== Segment start ==
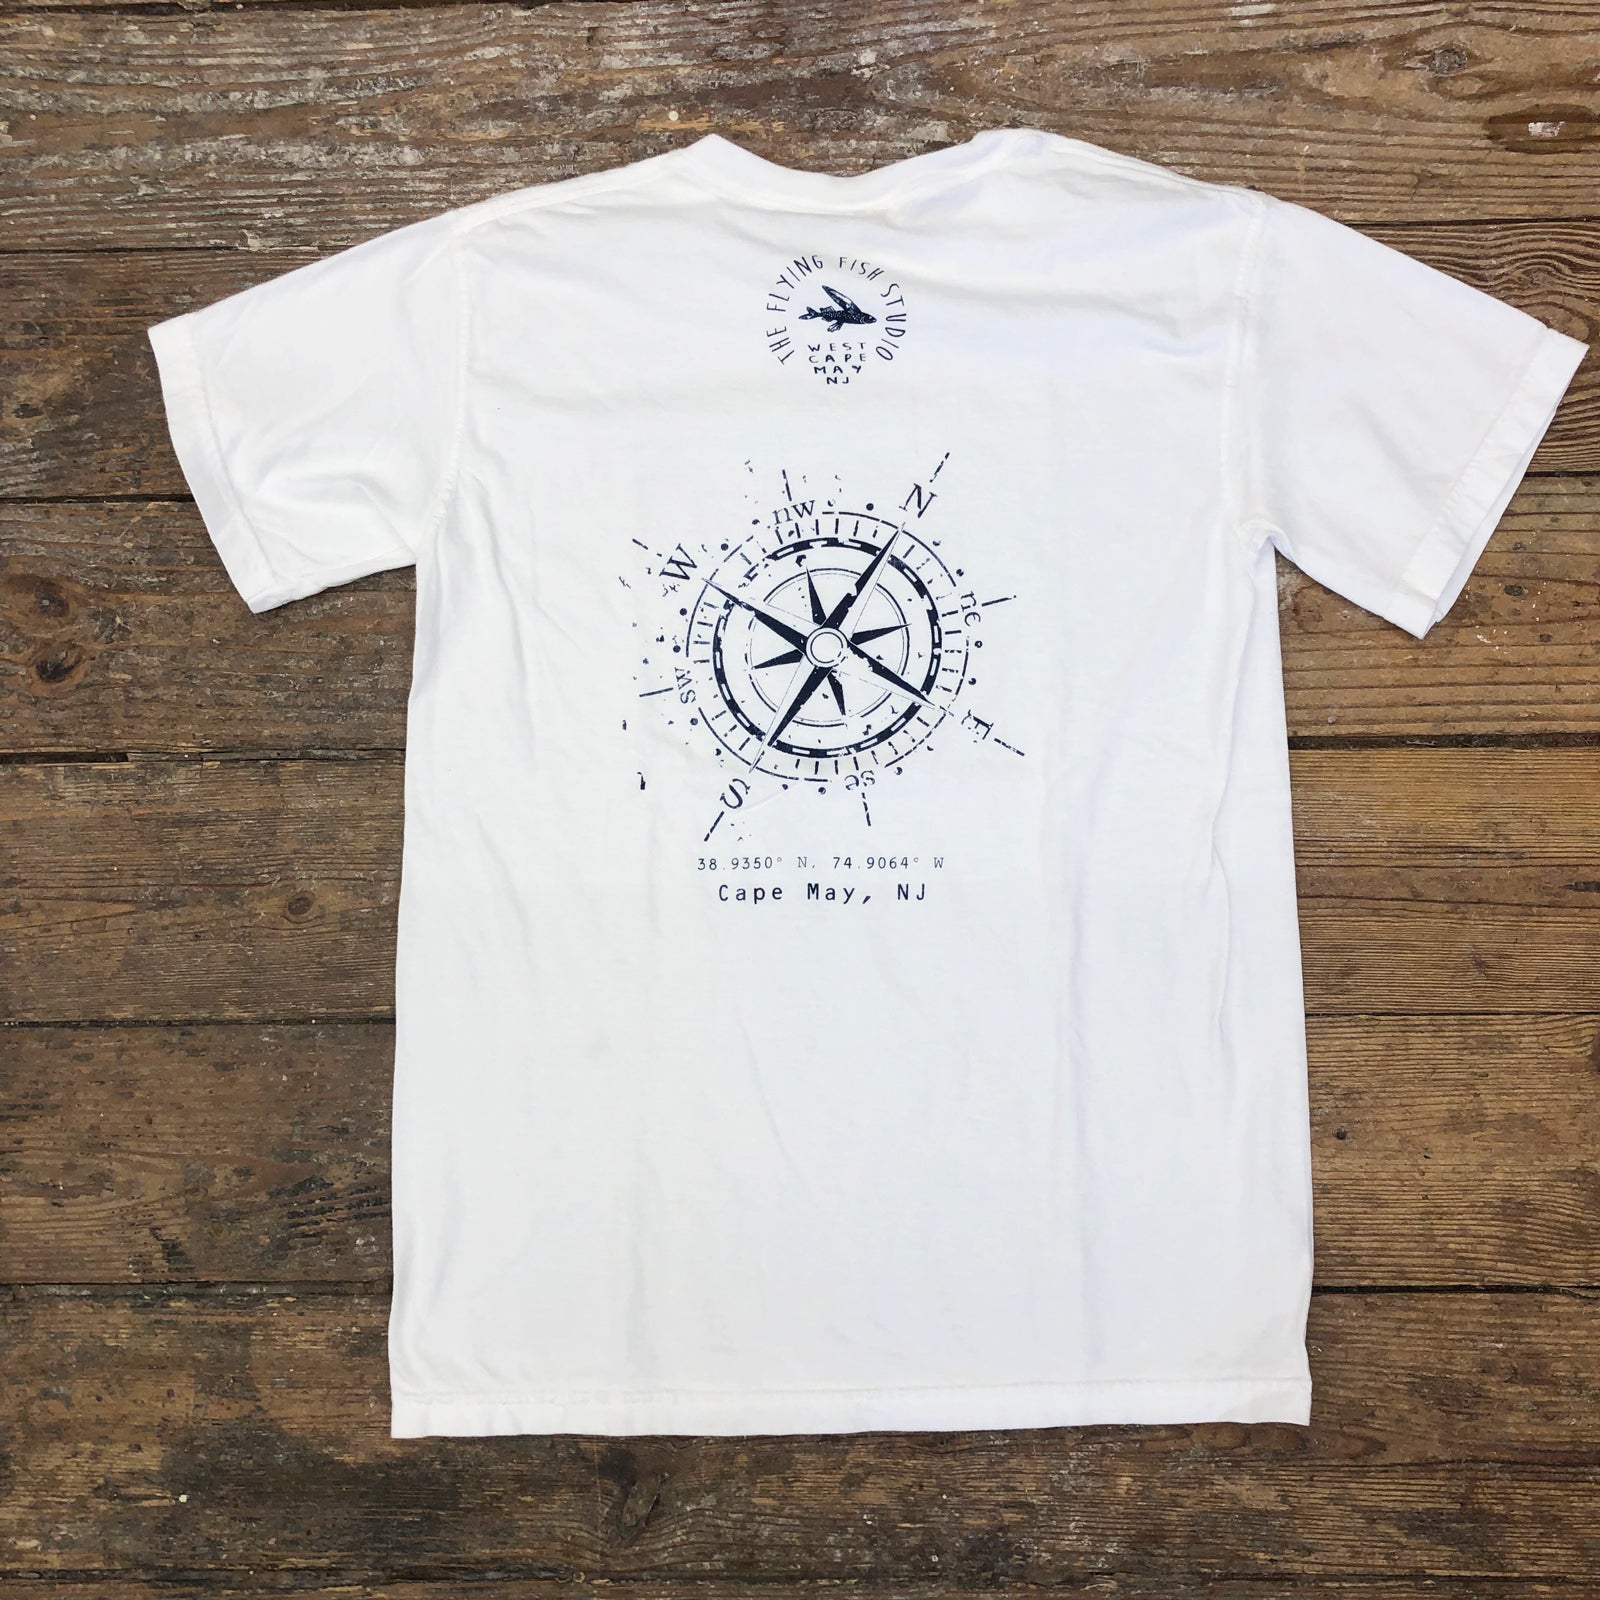 A white t-shirt with a 'Compass' design on the back.
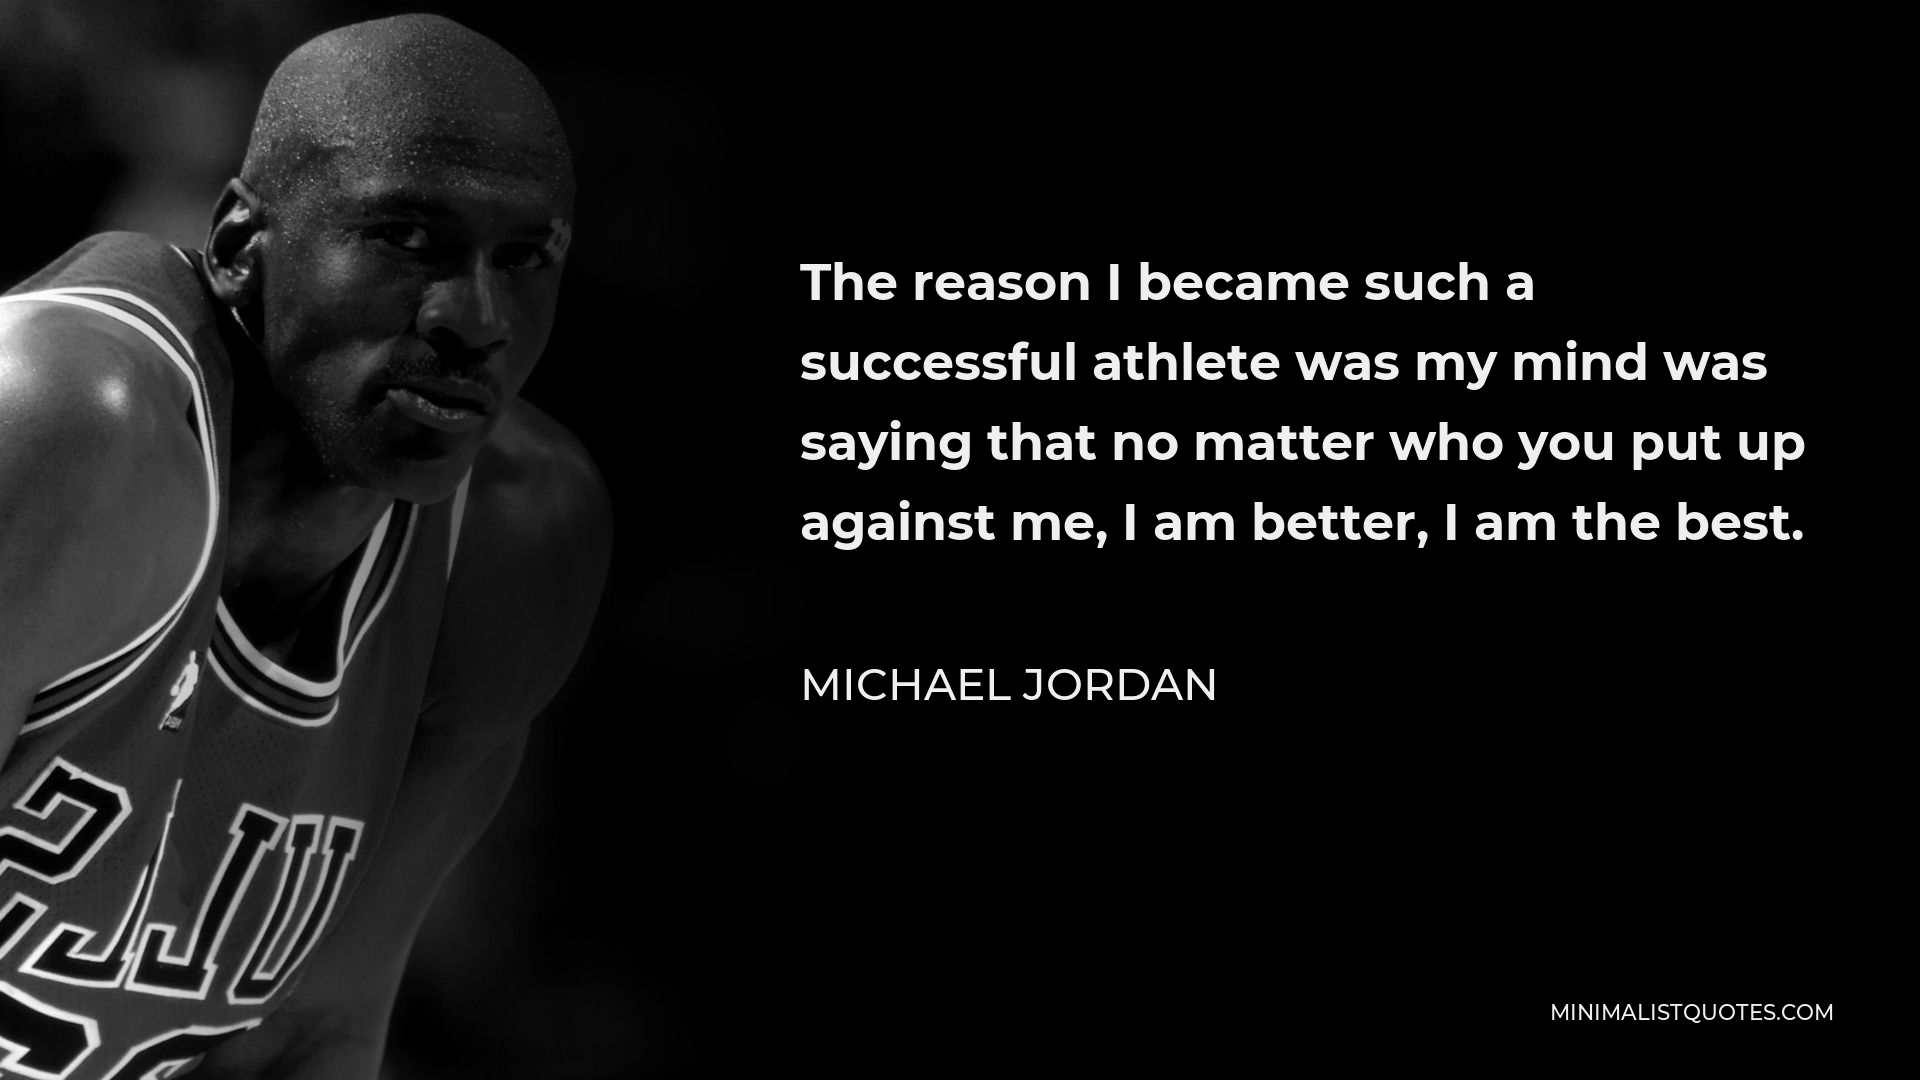 Michael Jordan Quote - The reason I became such a successful athlete was my mind was saying that no matter who you put up against me, I am better, I am the best.
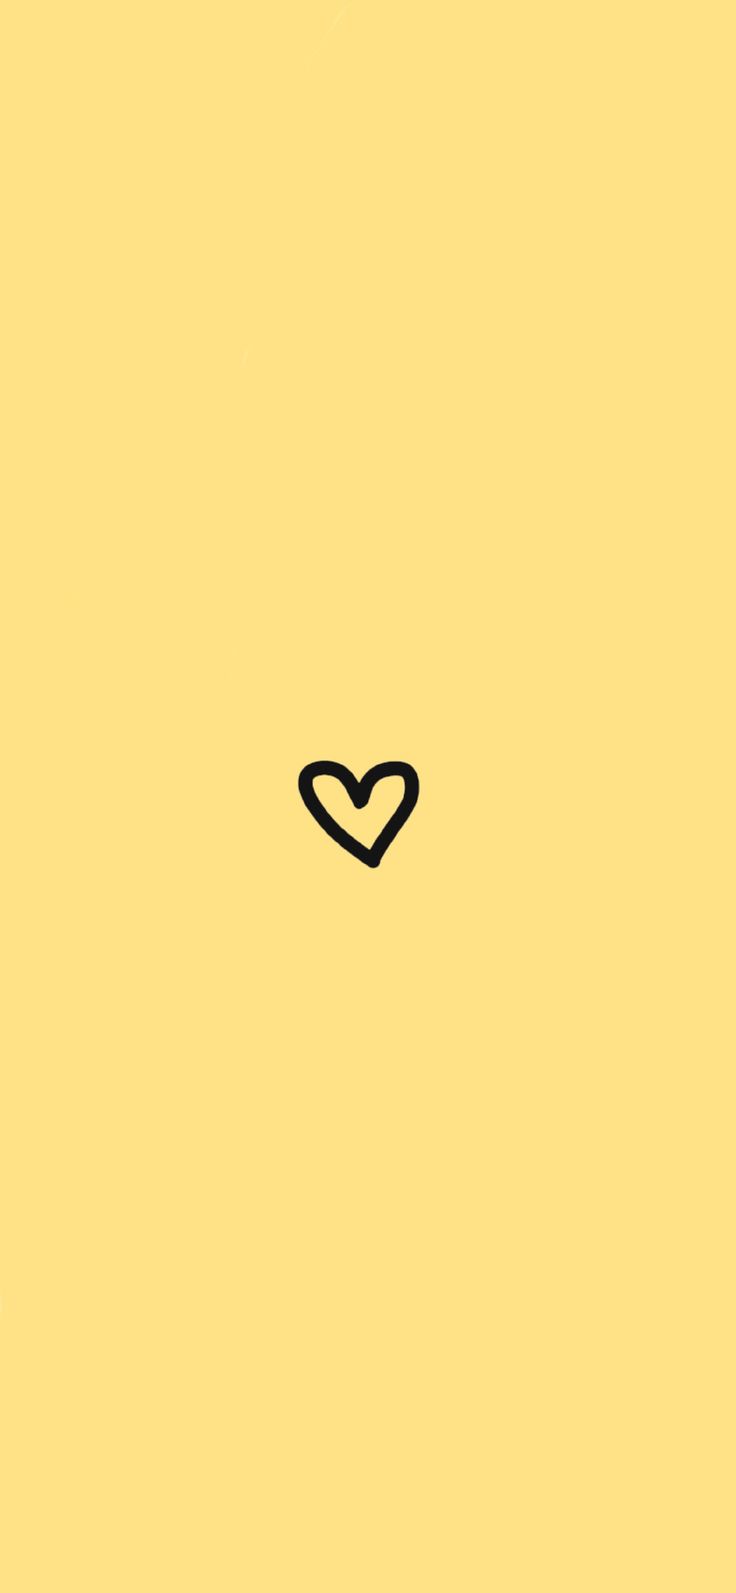 A heart drawn on yellow background - Light yellow
== Segment end ==
EXERCISE DETAILS>
Output the data above exactly. Drop every picture.

RESPONSE AREA>
 A white t-shirt with a 'Compass' design on the back.
 Michael Jordan Quote - The reason I became such a successful athlete was my mind was saying that no matter who you put up against me, I am better, I am the best.
 A heart drawn on yellow background - Light yellow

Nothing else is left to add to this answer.